Two loops on the flap are meant for red lights but I channelled the roughty-toughty aesthetic by hanging my Lezyne, Micro Floor Drive HPG on with two Zéfal – Eugène Christophe – toe-straps in white leather. This not only makes me look vaguely like a firefighter, paramedic or security consultant, it also means I’m always carrying two extra toe-straps. Their original function may have been superseded by more practical downhill-ski spin-offs, but toe-straps have more applications than anything made by Gerber, Victorinox or Leatherman. I can also never make the schoolboy-error of going beyond walking distance without a hand-compressor.
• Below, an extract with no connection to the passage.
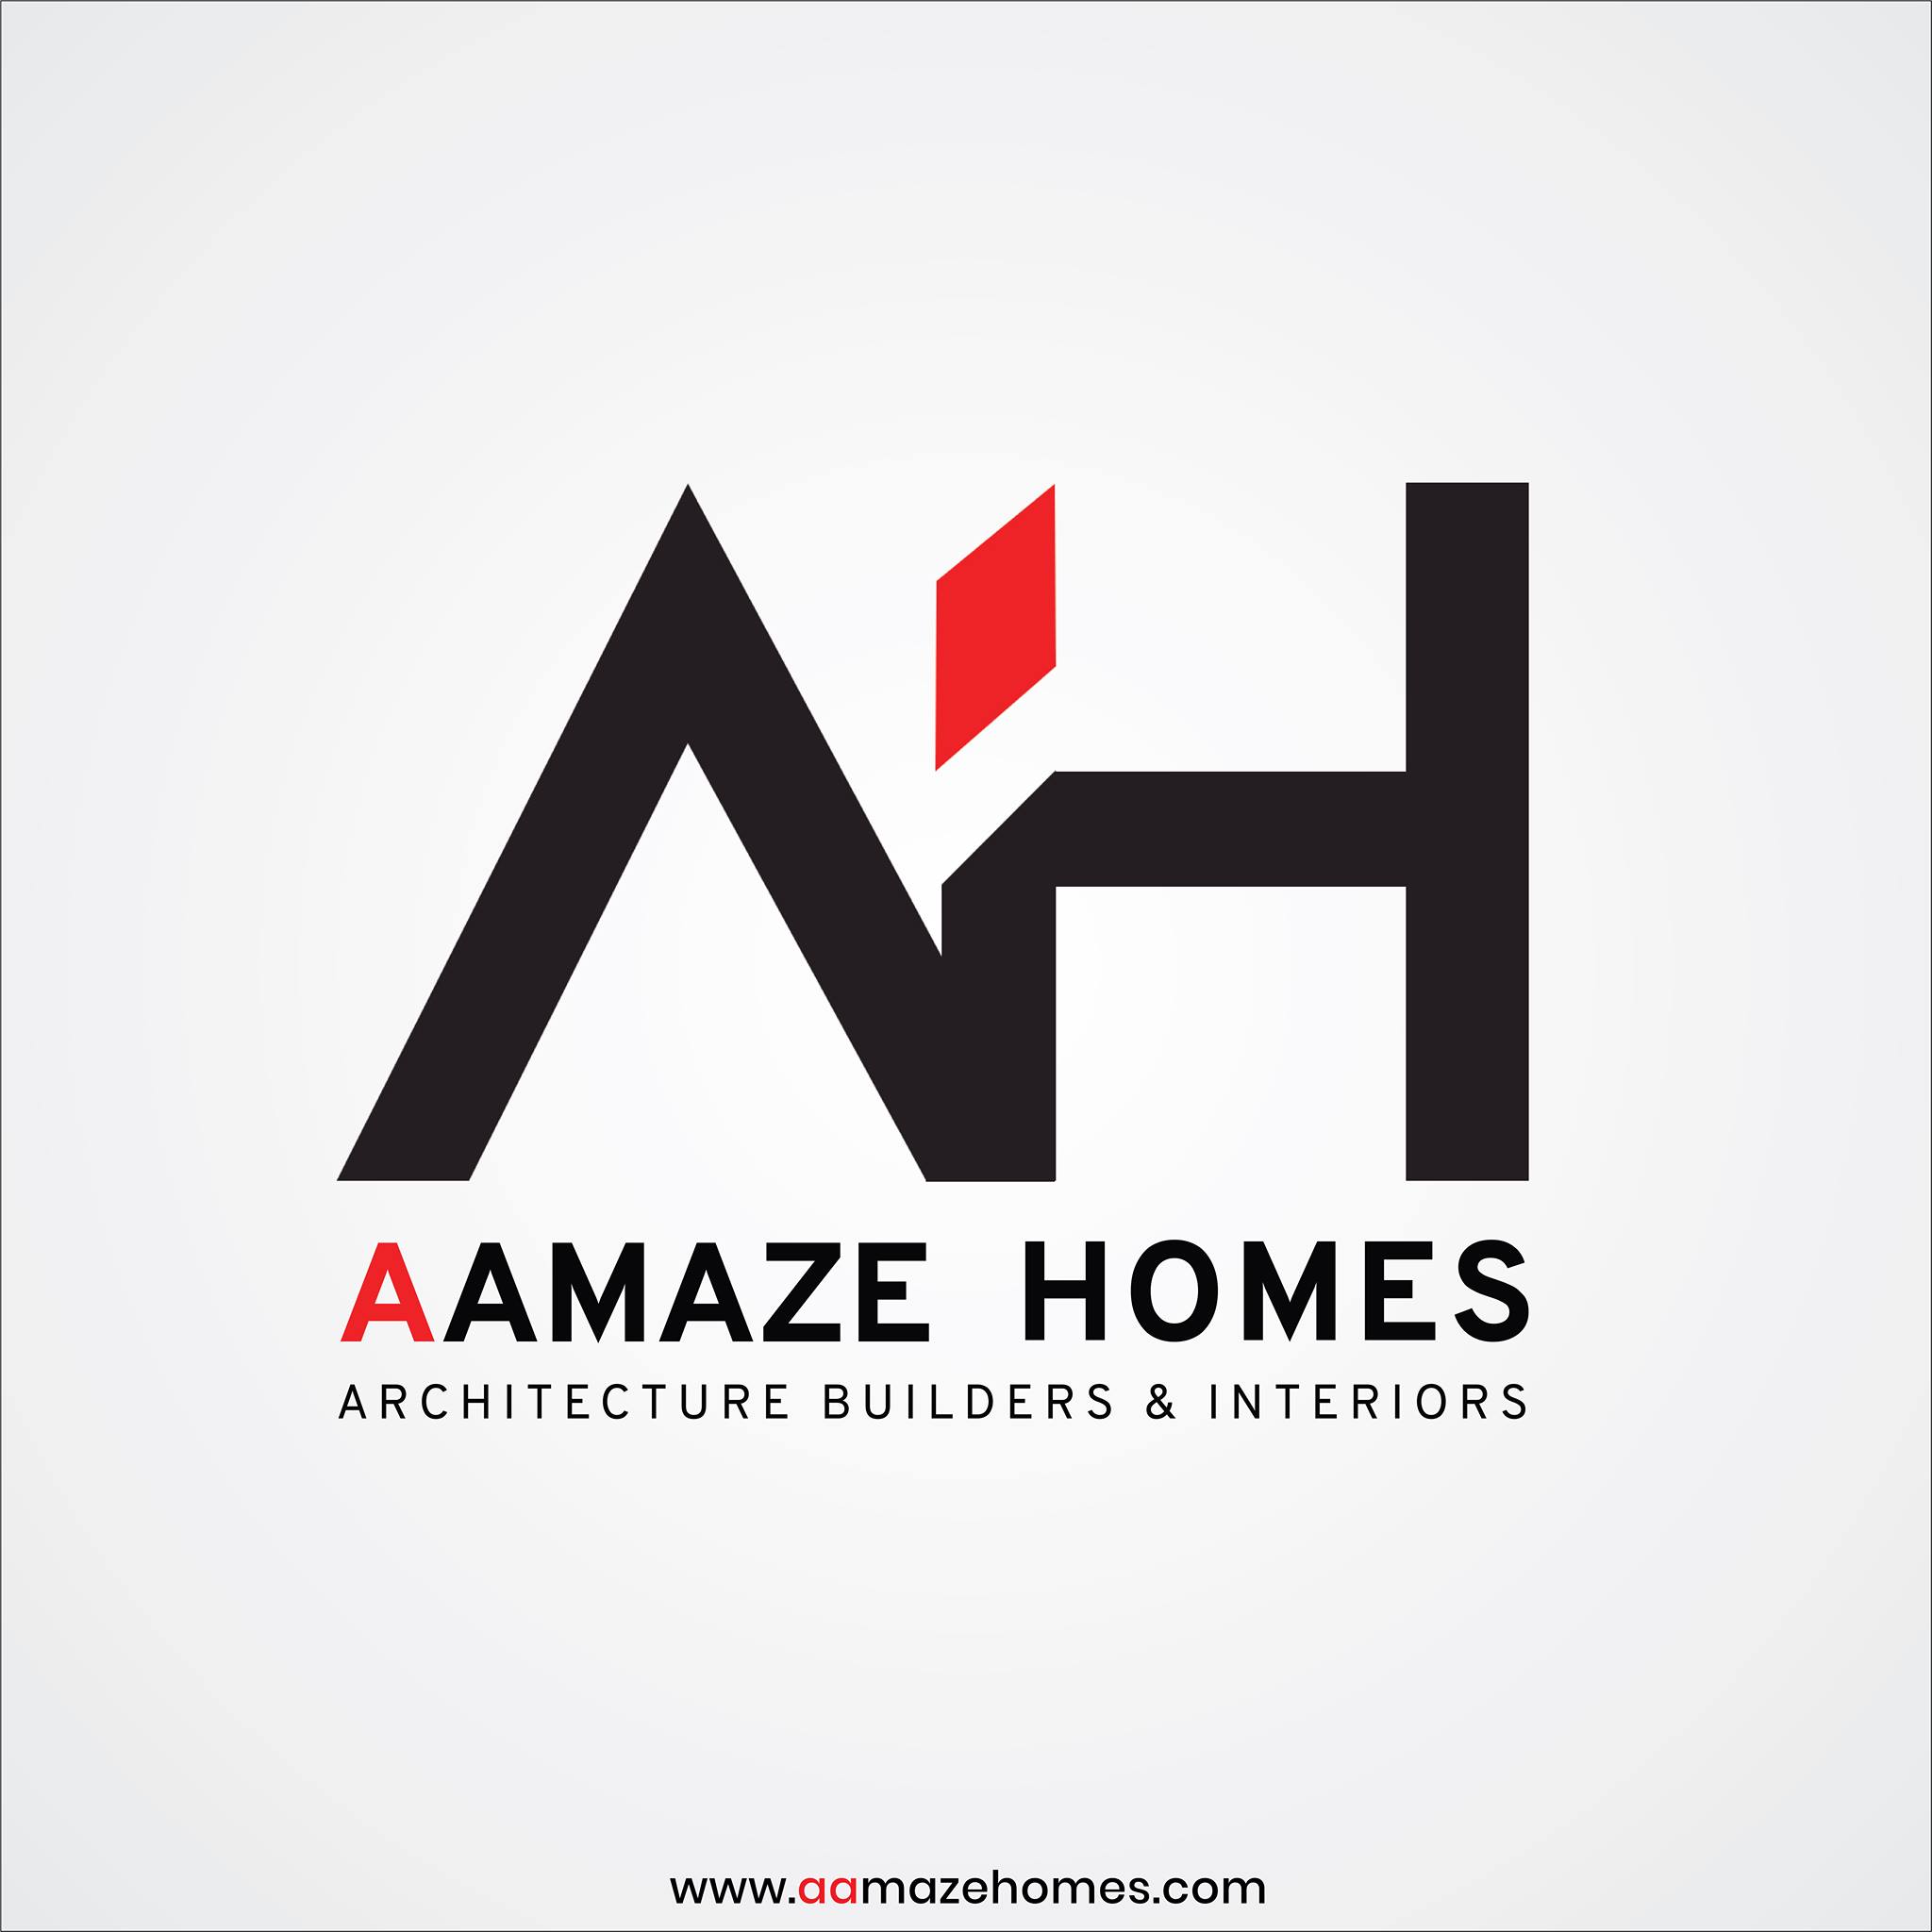 Aamaze homes Architects & Interiors Logo

bullet-proof military chic

Courier bags are useful because…

  • …you don’t have to worry about luggage security when parking, the bag goes with you.
  • …anything delicate is isolated from road-shock by the rider’s body.
  • …they work well when carrying only a tube, two levers, a little pump and a ‘D’ lock but can also easily accommodate £35 pounds of impulse-purchase groceries.

Just as the Dunwich Dynamo musette (still available while stocks last)

…is a reworking of the traditional throwaway item…

…the Eastpak Velow isn’t really a courier bag.

Couriers need – or used to need? – instant access to letters and packages with minimum fuss. The Eastpak Velow has two plastic buckles, and Velcro™, and a zip; not authentic but – unless you’re pushing parcels on piecework – much more practical.

The Velow has a pocket in the bottom for an ‘Oyster Card’ which I’d always assumed was something to do with seafood but is, apparently, some kind of bus pass?